The medications that treat serious and systemic candidal infection are listed in the "Treating systemic candidiasis in the immunosuppressed" table, along with select nursing considerations, side effects, and potential drug interactions. Systemic candidiasis usually requires hospitalization for intravenous or intrathecal drug administration, constant monitoring of laboratory test results, and nursing assessments aimed at identifying adverse drug effects, treatment complications, and extension of the infection to other sites.

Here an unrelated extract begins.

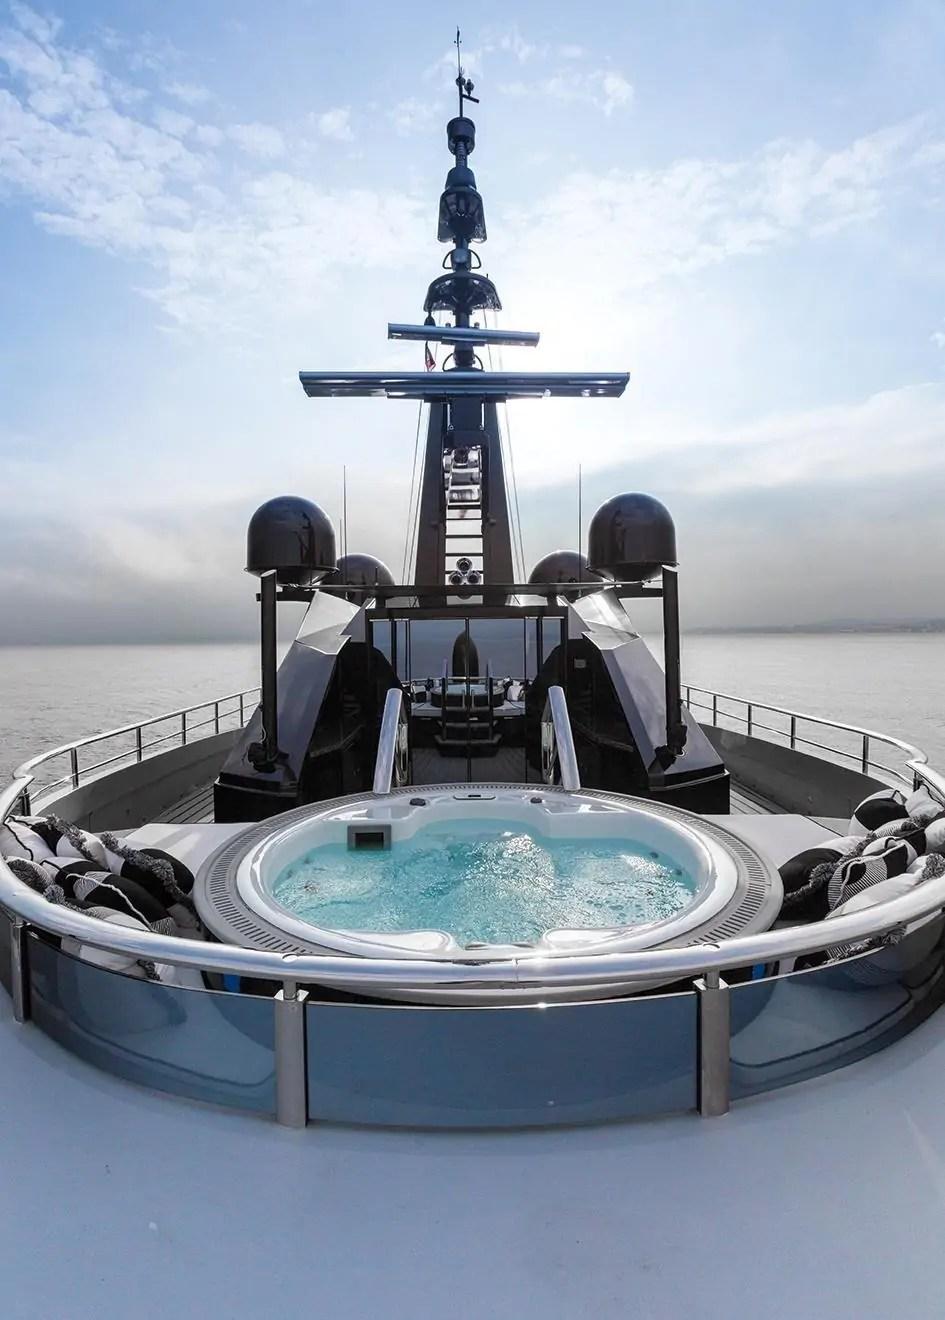 14983829641623385335126899099_isa66m-okto-grandturismo-motor-yacht-39

For treating systemic fungal infections, the gold standard is amphotericin B desoxycholate (Fungizone Intravenous).1,6,7 It's highly effective but very toxic, particularly to the kidneys. Patients may need to be premedicated with antipyretics, antihistamines, steroids, and/or antiemetic drugs to reduce side effects such as fever and rashes. Studies have shown that the newer, lipid-based formulations of the drug—such as amphotericin B lipid complex (Abelcet) or amphotericin B liposome (AmBisome)—are similarly effective but less toxic, and are used in patients who are refractory to amphotericin B desoxycholate, who have renal impairment, or in whom toxicity is a problem. Flucytosine (Ancobon) is also indicated for systemic fungal infection.
Ms. Martin's ocular candidiasis was treated with oral fluconazole, which worked well at first. When the infection recurred, however, it no longer responded to the drug; her vision continued to deteriorate. Unfortunately, Ms. Martin's immune system was already too depressed to withstand treatment with the more potent amphotericin B. She eventually died of systemic candidal infection.

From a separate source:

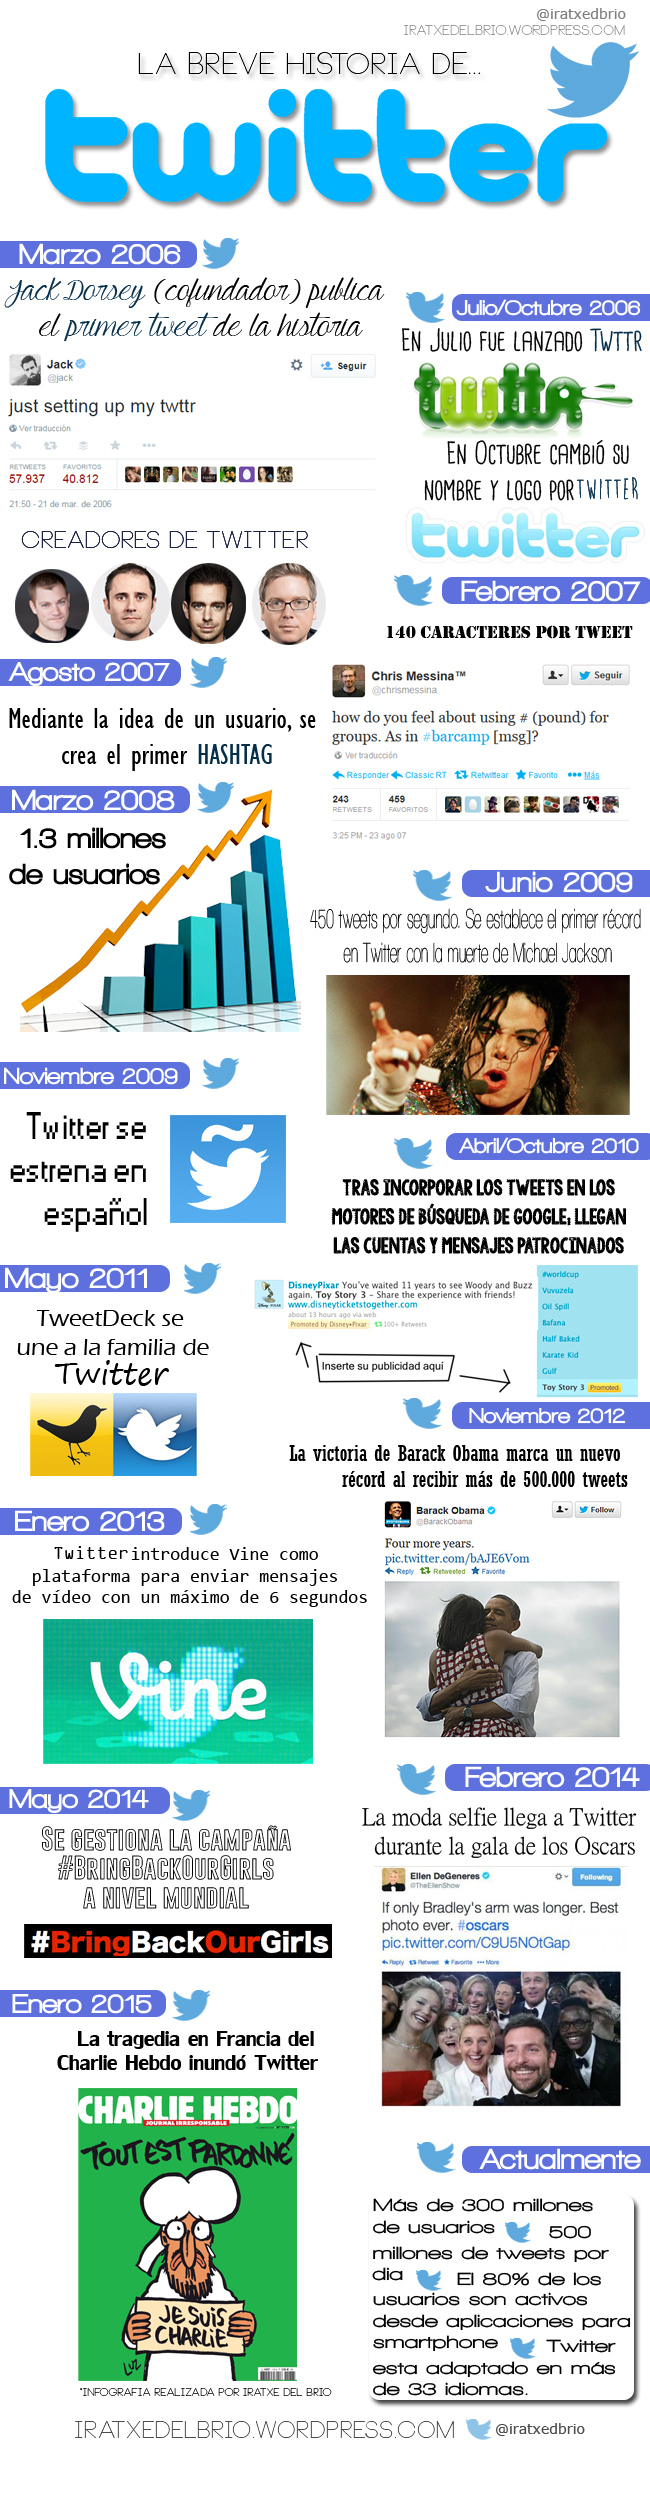 La breve Historia de Twitter

Whether or not an immunocompromised person will develop—and possibly succumb to—an opportunistic infection like candidiasis depends on a number of factors. In addition to the patient's severity of illness, factors such as illicit drug use, alcohol abuse, poor nutrition, dehydration, infection, and physical and emotional stress can all adversely affect an already compromised immune system.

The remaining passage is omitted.